Nanise Loanakadavu
Tuesday, February 19, 2013
MEDIA organisations may no longer describe former political parties as "political parties" under a new decree announced yesterday.
Registrar of political parties Mere Vuniwaqa announced this yesterday following an amendment to the Political Parties (Registration, Conduct, Funding and Disclosures) Amendment Decree 2013. The amendment came into effect on Saturday, February 16.
Directors, publishers, editors and other officials of news organisations face fines of up to $50,000 or five year's imprisonment if they breach the new decree.
Ms Vuniwaqa said the amendment would impact on the role of the media in the whole process of registering political parties.
She said it was an offence for former political parties to hold themselves out as political parties if they were not registered under the decree.

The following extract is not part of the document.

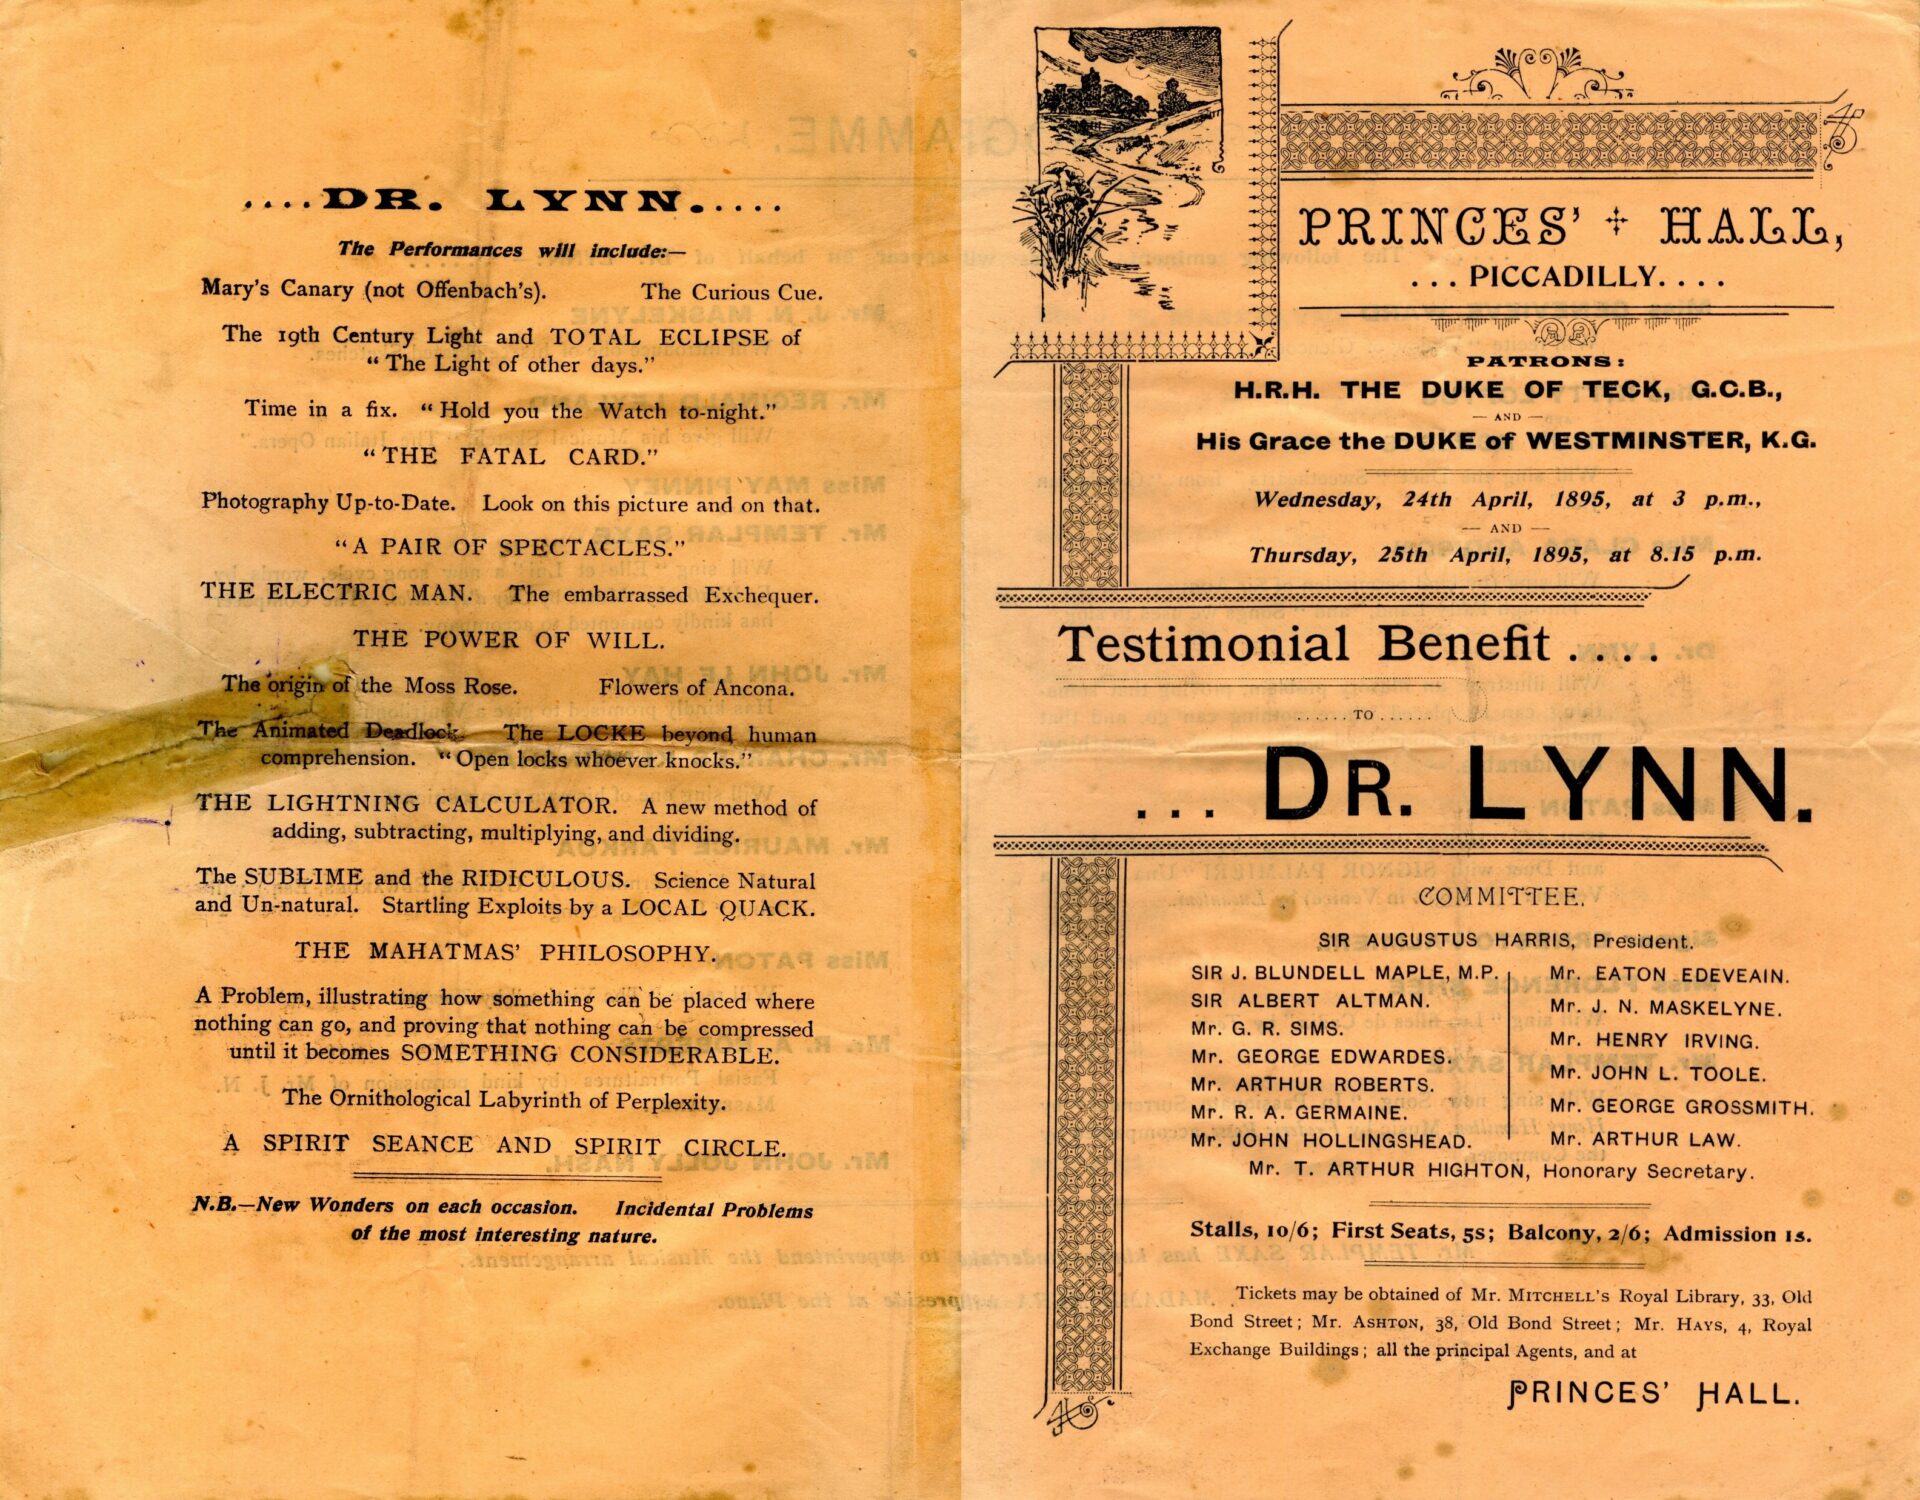 Testimonial Benefit to Dr Lynn at Prince’s Hall, London. 1895

"This is basically an extension of what political parties are not allowed to do," Ms Vuniwaqa said.
Section 3 of the decree states: "If any media organisation reports, represent or holds out an association of persons or an organisation as a political party when that association of persons or an organisation is not registered as a political party under this Decree or when its application for registration has not been determined by the Registrar, then the directors of that media organisation and the editor and publisher or the chief executive officer of that media organisation, as the case may be, commit an offence, and shall be liable upon conviction to a fine not exceeding $50,000 or to a term of imprisonment not exceeding five years or to both." Before the announcement a former political party was considering reregistering under a new name with the same acronym.